SentText was created by Johanna Dangel (johanna.dangel@stud.uni-regensburg.de) as part of her thesis in media informatics at the University of Regensburg. Find out more about her and her work on her GitHub Page.
The thesis was supervised and supported by Thomas Schmidt (thomas.schmidt@ur.de) and will also be maintained by him. More information about Thomas Schmidt can be found here.
Citation Information
The above paper was presented at the 16th International Symposium of Information Science (ISI 2021). Find more information about the conference here. You can access the entire proceedings here.
The presentation that was given about SentText at ISI 2021 can be found on Youtube.
Supported languages
Currently only analysis of German language texts is supported.
File import and export
You have the possibility to analyze both .xml and .txt files. To upload more then one file, press Ctrl/Strg during selection.

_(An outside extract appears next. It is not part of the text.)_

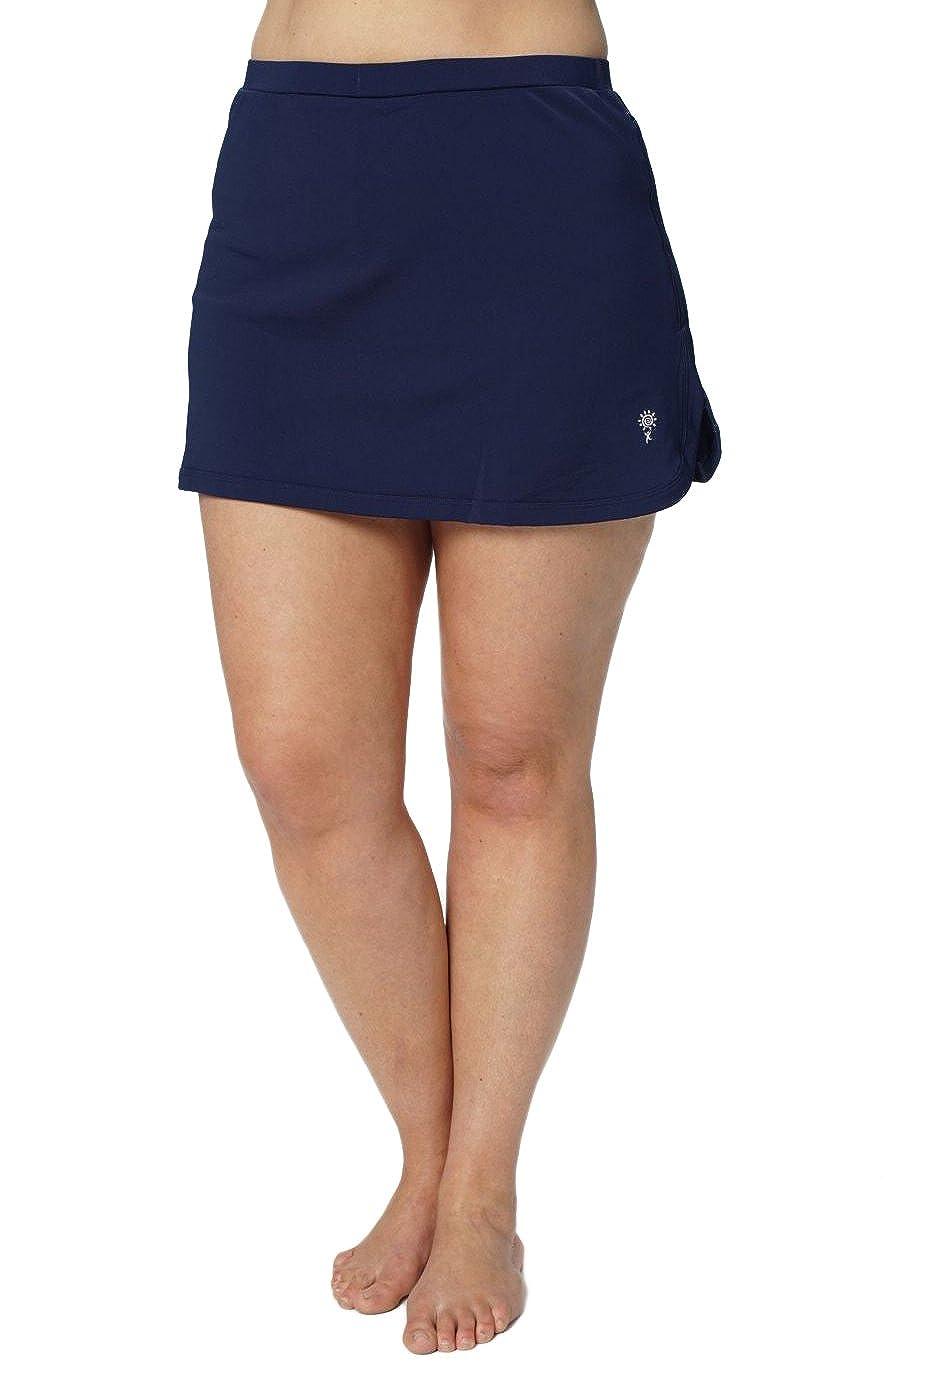 HydroChic Women's Plus Size Swim Skort – Modest Skirtini, Swimsuit Shorts Skirt Bikini Bottom

To export the results, it is
possible to download them as a .csv file and as .xml file (in a specific format). To export the created charts you have the
possibility to download them as .png files. In general, please note that decimal numbers are
separated with a '.'.
Lemmatization
Lemmatization deals with the regression of a word to its basic form. Thus the basic form
"love" is determined from the verb "loving".
Studies show that the lemmatization of words can improve the result of the analysis, especially in literary texts (Schmidt & Burghardt, 2018).
We use the lemmatization of textblob for German lemmatization.
We currentyl do not offer any lemmatization support for other languages.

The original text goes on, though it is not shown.